### Your task
Every line of the listing should be retyped exactly, but none of the pictures should be.

### Provided material
###

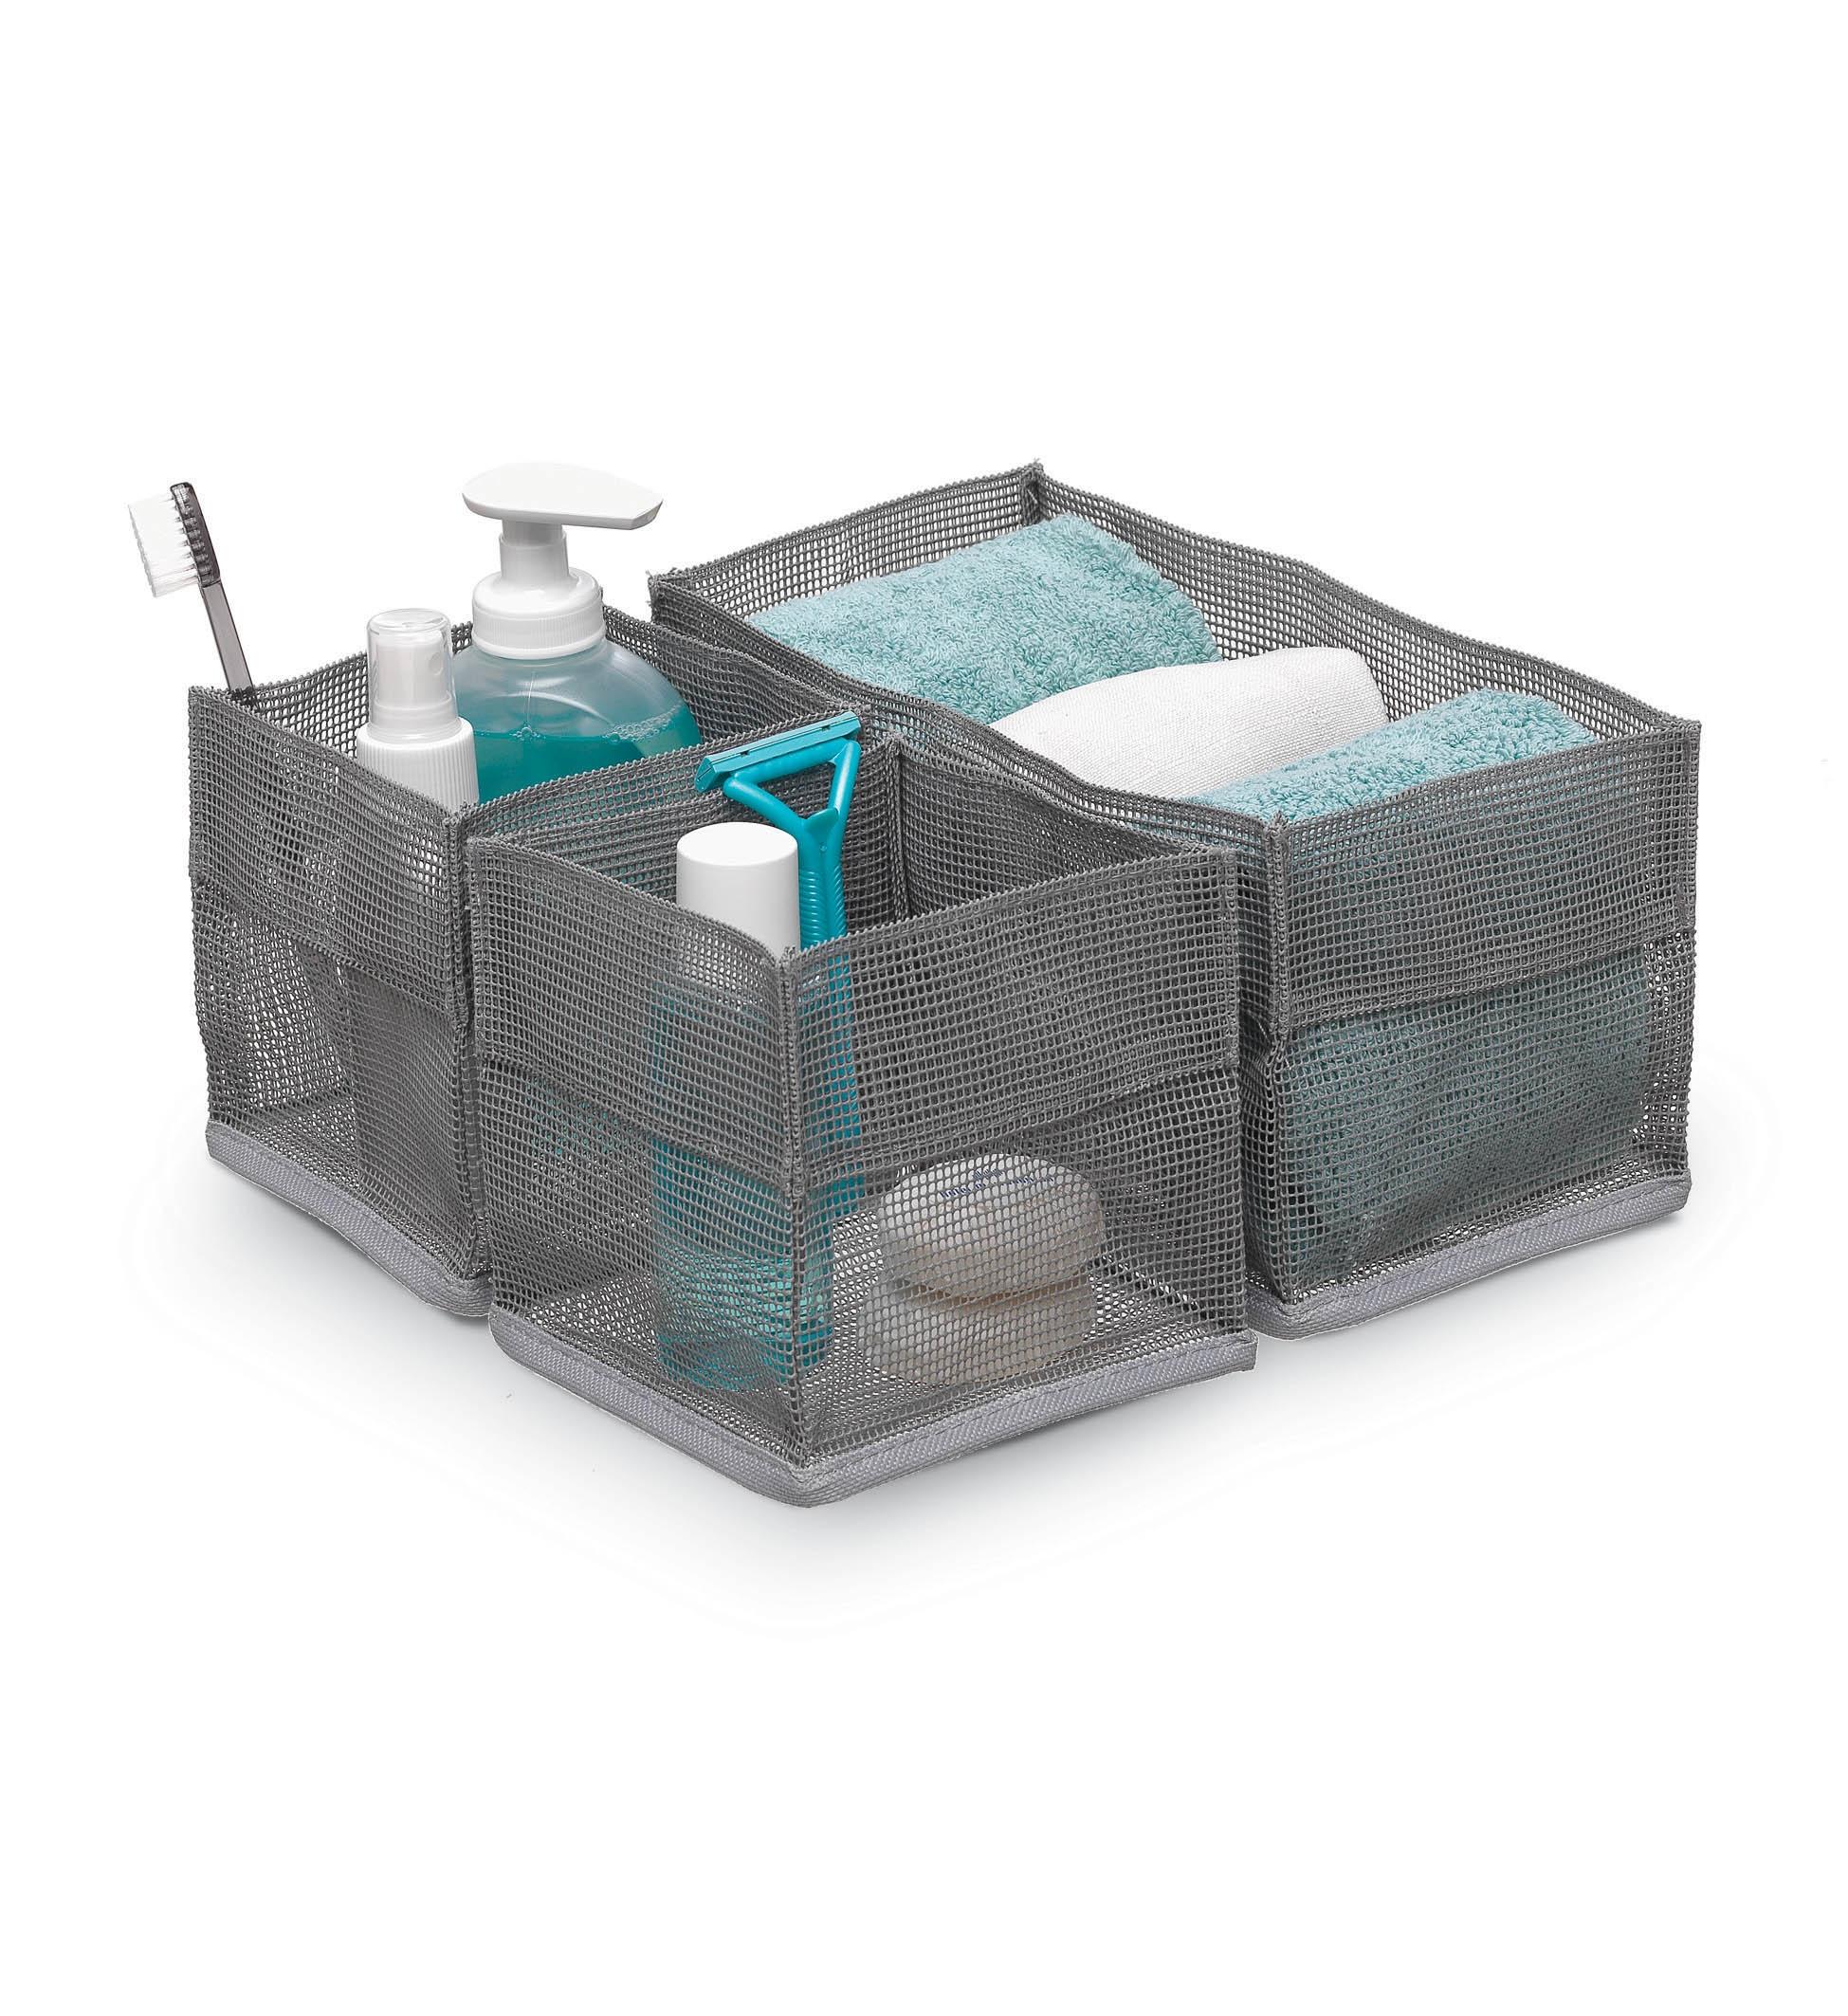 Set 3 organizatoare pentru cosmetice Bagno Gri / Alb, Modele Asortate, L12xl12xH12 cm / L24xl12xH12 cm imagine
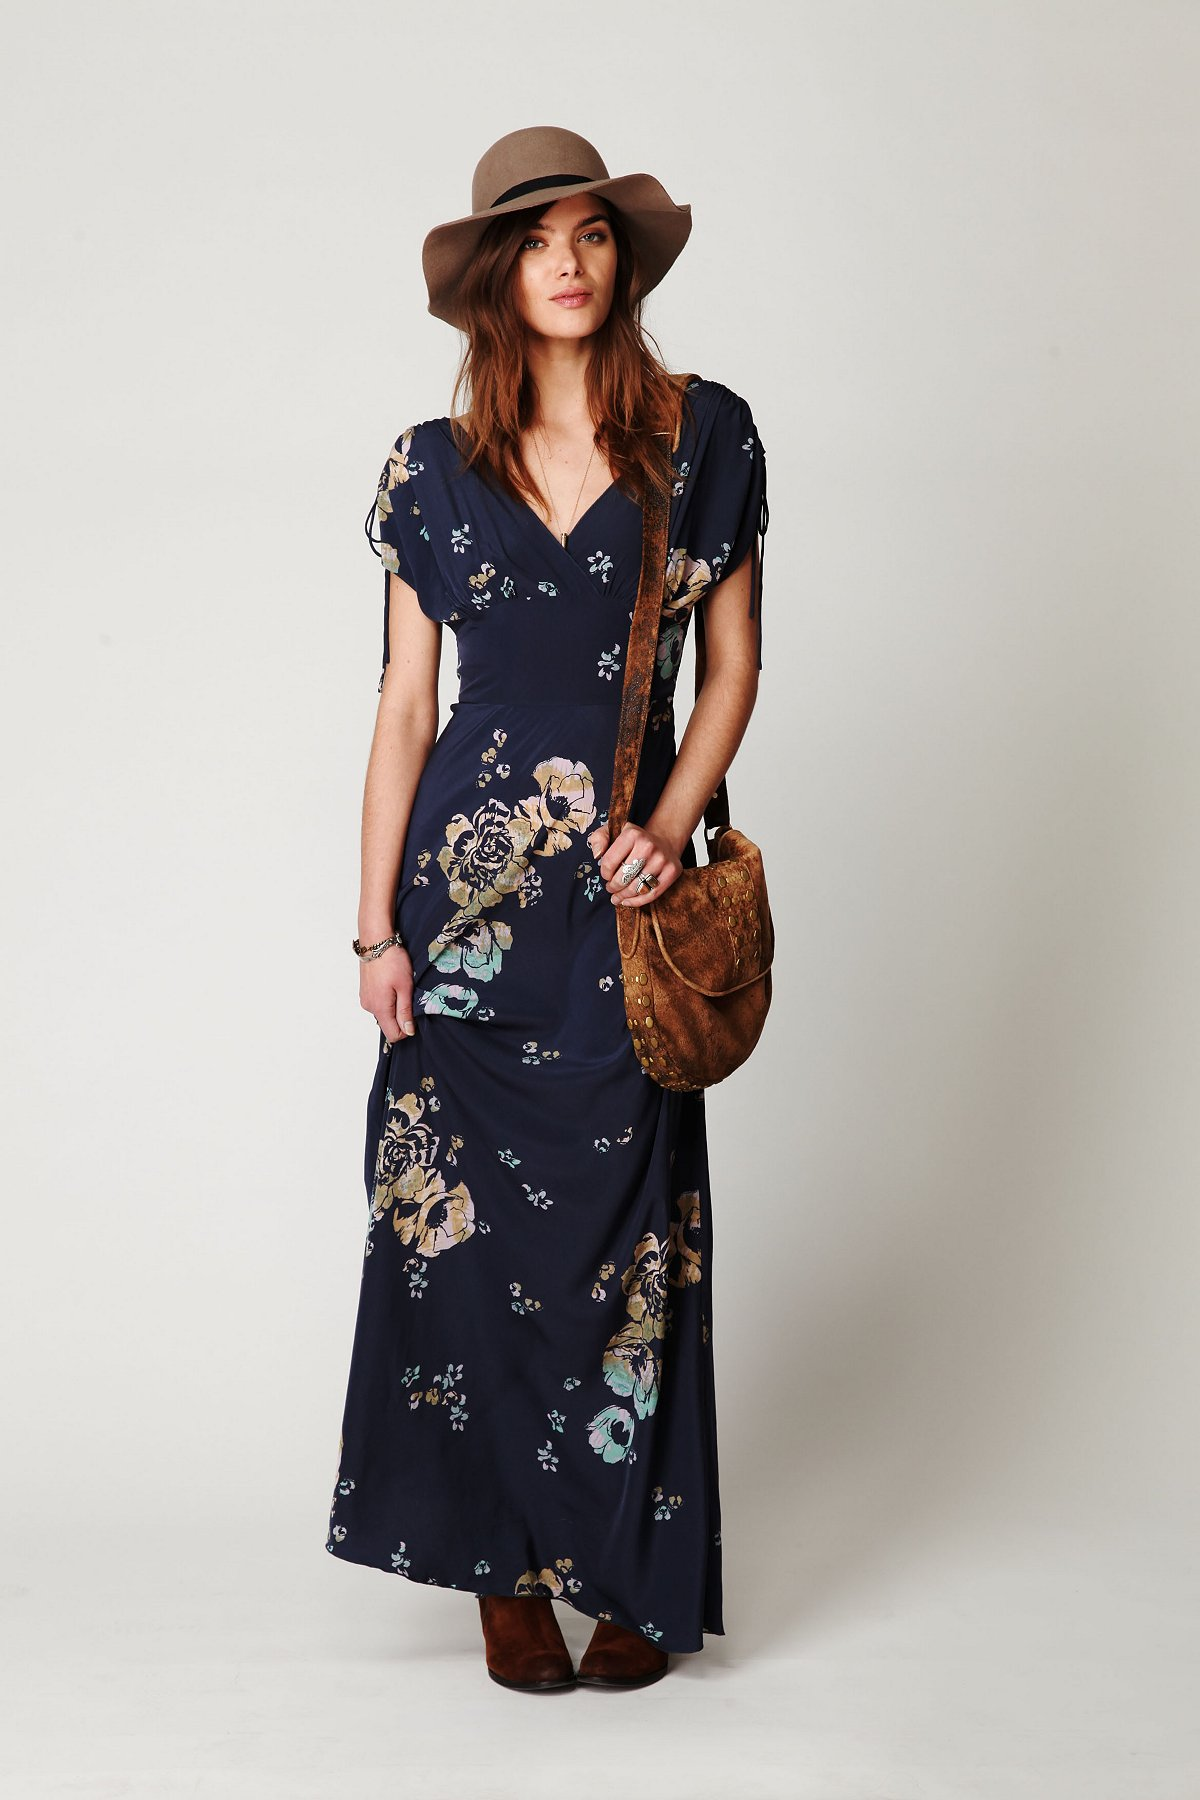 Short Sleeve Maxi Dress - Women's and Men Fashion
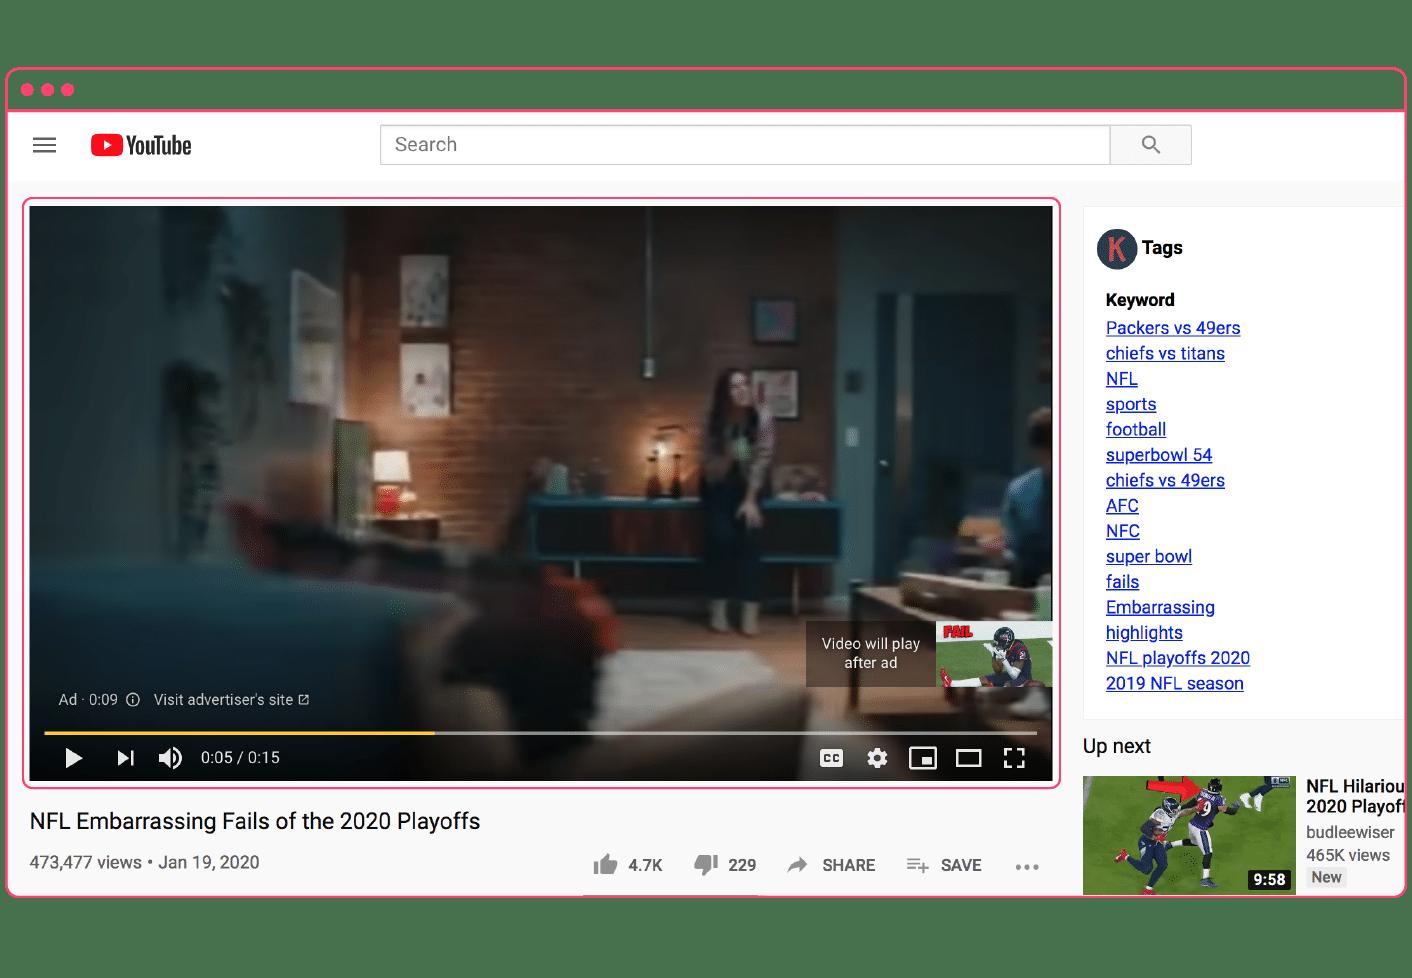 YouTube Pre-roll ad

###

### Output for this exercise
 Set 3 organizatoare pentru cosmetice Bagno Gri / Alb, Modele Asortate, L12xl12xH12 cm / L24xl12xH12 cm imagine
 Short Sleeve Maxi Dress - Women's and Men Fashion
 YouTube Pre-roll ad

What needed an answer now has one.